We also make a distinction between agents, patients and modifiee : an agent is something the persona does, a patient is what is done to the persona, and a modifiee are adjectives associated with the persona. For example, if we look at the most common topics in the agents of the personas, we can see that “Life’s crossroads” is very rarely used among all 20 personas. In contrast, a lot of personas seem to be greatly characterized by “Life’s journeys” topics!

To give a better idea, we provide an example of agents distributions over the most common topics.

A more concrete exemple, would be persona 12.

The common agents are tell, ask, love, give, meet.
The common patients are tell, love, call, talk, ask
The common modifiees are best, friend, student.

This persona, with a bit of imagination, could be described as the Talkative Best Friend.

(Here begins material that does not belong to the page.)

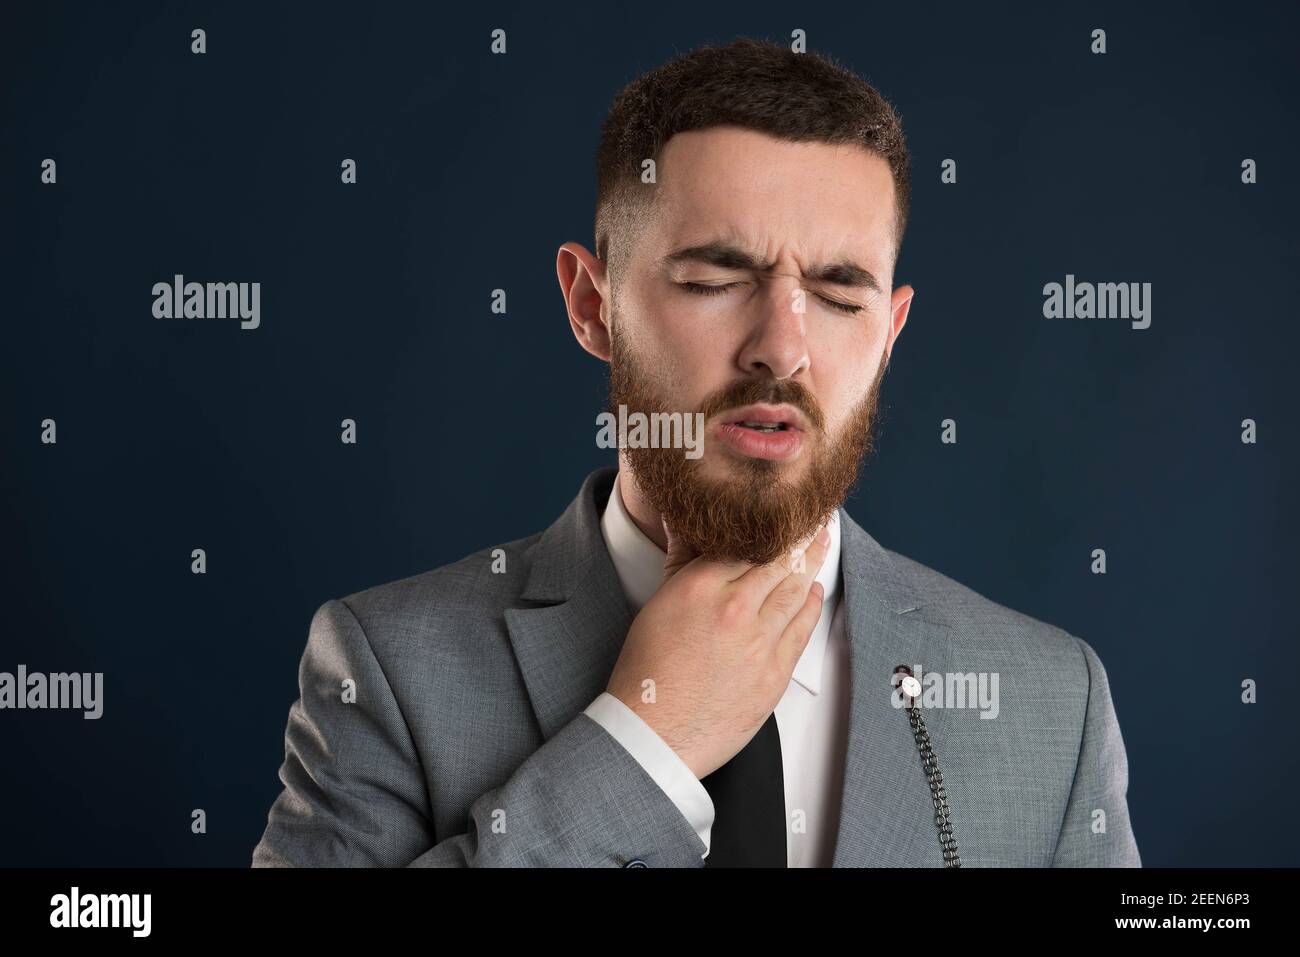 White collar worker having troat pain wearing a black tie and grey suit Stock Photo

Compared to other personas, they do not endure life-changing topics in any of their appearances. Nonetheless, they are important as they help the main protagonist succeed in their love life!

We can try and see which personas appear the most among the different characters.

What stands out? It appears that the most common characters are 12 and 8. The least common character is 9. Only a few characters are well represented overall. 80% of the characters are associated with a persona within {2, 4, 8, 12, 15, 19}.

Now that we know the common personas, we can, with the methodology used for the Talkative Best Friend, assign a type to the most used personas, as you can see in the table below.

Persona	Representation	Agents	Patients	Modifiee
2	Adventurer	7, 22, 25, 6	5, 9, 26, 1	0, 11, 20, 4
4	Drama Woman	22, 25, 21, 29	13, 21, 9, 1	11, 23, 0, 20
8	Attractive Newcomer	25, 7, 22, 29	9, 13, 8, 1	11, 0, 23, 20
12	Talkative Best Friend	6, 25, 7, 29	1, 7, 8, 13	11, 20, 23, 0
13	Woman Detective	29, 22, 25, 7	5, 9, 7, 13	23, 11, 0, 20
15	Engaged Heart	25, 7, 6, 29	13, 7, 1, 9	23, 11, 0, 20
19	Action Hero	22, 16, 7, 29	5, 16, 9, 29	27, 0, 11, 4

TIME PASSES, BUT LOVE STAYS FOREVER

or the impact of time on romance movies

Audiences change over time, and so does their taste. Let us have a look at the evolution of the plots and persona over time. Is there a specific year in which some tropes or personas are more popular? If we plot the average positive answers over time, we can observe that besides before the years 1930 – where there are not enough movies to have a significant average – the average positive answers are quite stable over time. Interrupted weddings, despite being significantly correlated with lower ratings, is still the most common trope throughout time.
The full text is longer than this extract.